«Крылатая» реанимация. Можно спасти даже ребенка весом 500 граммов

Фото: А. Фирсов

 Сейчас уже давно не летают, но ведающая выездной работой служба до сих пор носит гордое название санитарной авиации. А возглавляет ее уже очень много лет один из опытнейших врачей больницы, заведующий первым реанимационным отделением Николай Такшеев.

   
   

Про таких, как он, принято говорить «стоял у истоков». Николай Николаевич спасает малышей с 1978 года и называет себя старым мамонтом, которого давно пора списывать. В шутку, конечно. «Без юмора в нашей работе никак нельзя, – как бы из опасения, что его слова примут всерьез, объясняет он. – Если копить в себе всё, с чем приходится сталкиваться каждый день, то ведь и умом можно тронуться».

Усы подковой

Доктору Такшееву не позавидуешь: понятие «легкий случай» в его профессиональном лексиконе отсутствует в принципе, каждый его больной - это маленькая трагедия (или лучше - трагедия маленького), которая всегда переживаются тяжелее взрослой. Страдания поживших и погрешивших хоть чем-то, да, можно оправдать, а в случае с детьми примирить разум в реальностью не получается.

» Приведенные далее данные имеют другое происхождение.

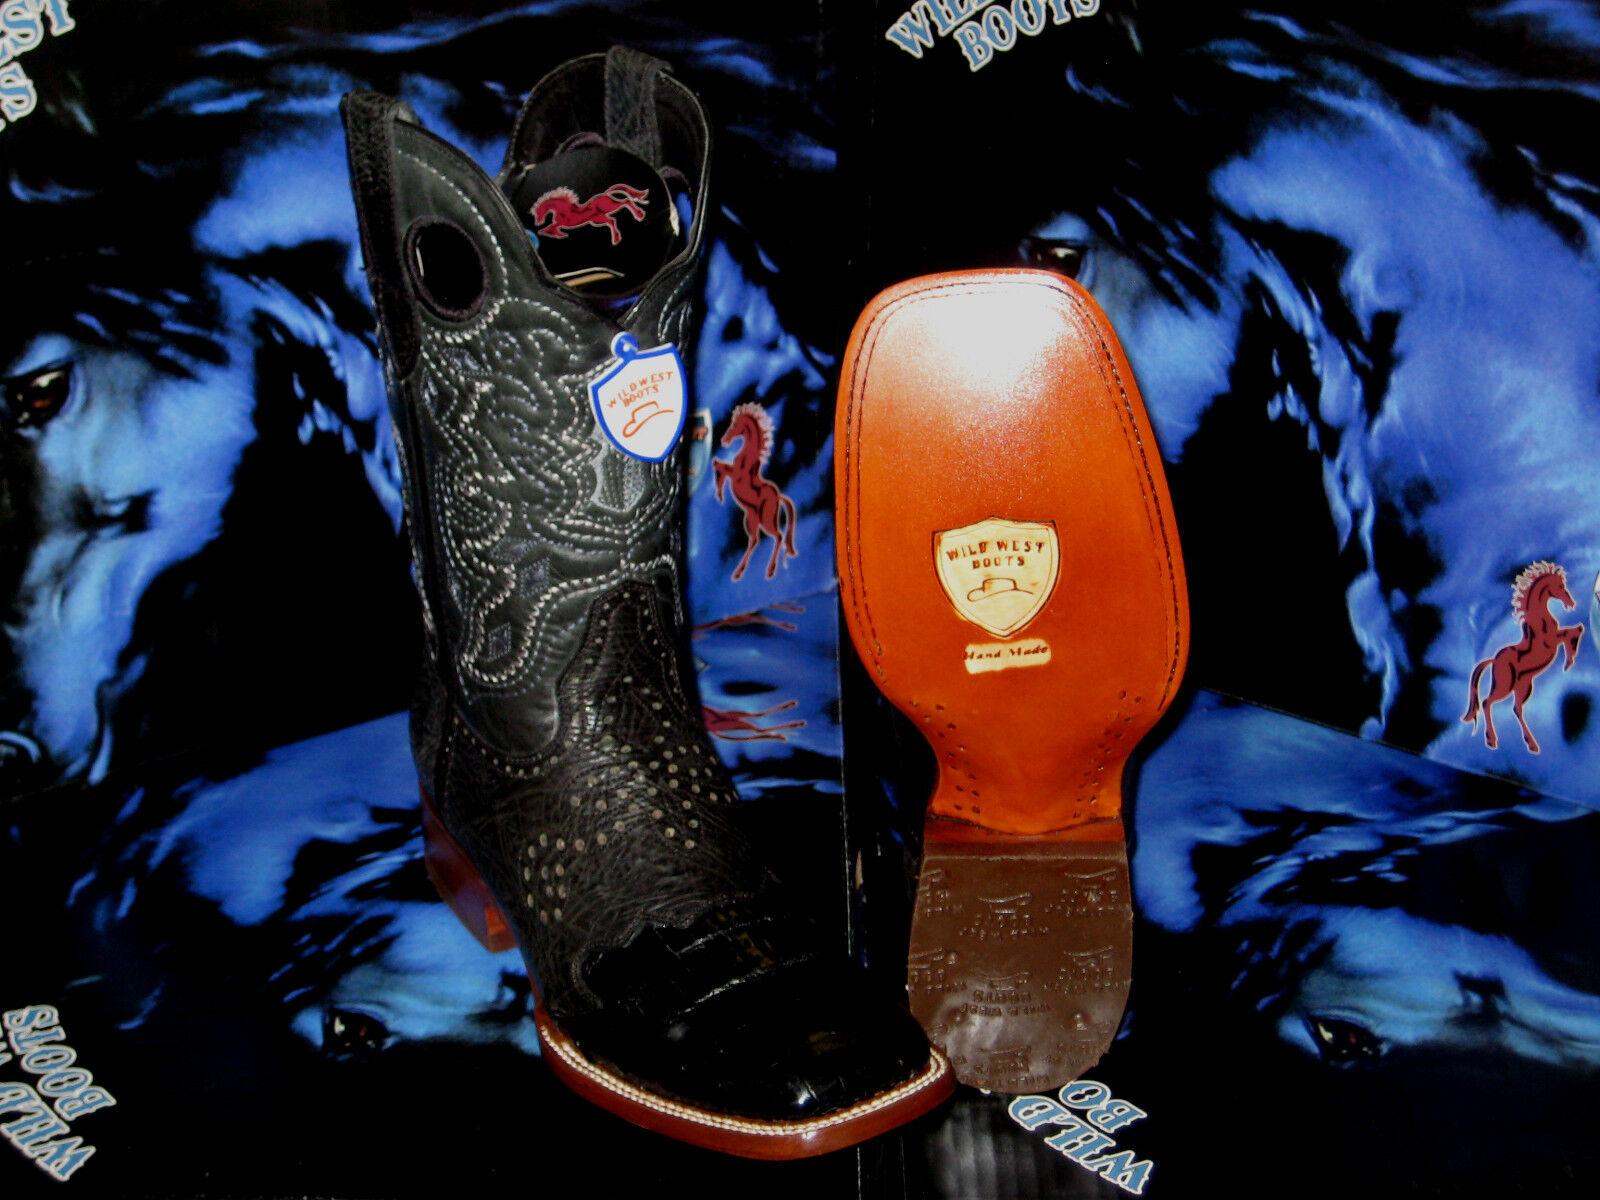 Wild WEST Genuino Cocodrilo vientre cuadrado negras Rodeo Western Cowboy bota 1D28205

Скорее всего, если бы Николай Николаевич слишком много об этом думал, то стал не блестящим врачом, а, например, писателем и сочинил что-нибудь о слезках одного дитяти, которых не искупит никакая мировая гармония. И его чело носило бы отпечаток общечеловеческой скорби. Но он в белом халате и считает своим долгом борьбу за жизни во что бы то ни стало – об остальном, что с этим не связано, он старается не думать. А лицо его излучает поначалу сбивающую с толку веселость и оптимизм. От него часто можно услышать пословицу: «Глаза боятся, а руки делают!».

– Здравствуйте, мои золотые! – встречает он своих гостей. Он похож на хлебосольного хозяина. Усы подковой подсказывают, что, возможно, с какого-нибудь солнечного закарпатского хутора. Чуть ли не собственноручно облачает в халат и ведёт смотреть на свое небольшое, но очень важное в судьбе сотен и тысяч южноуральских семей отделение.

– Наши помещения в новом корпусе больницы сейчас на ремонте. Через несколько месяцев мы снова туда въедем.

Там всё будет абсолютно новое! А пока временно квартируем в отделении патологии новорожденных. Как говорится, в тесноте, да не в обиде.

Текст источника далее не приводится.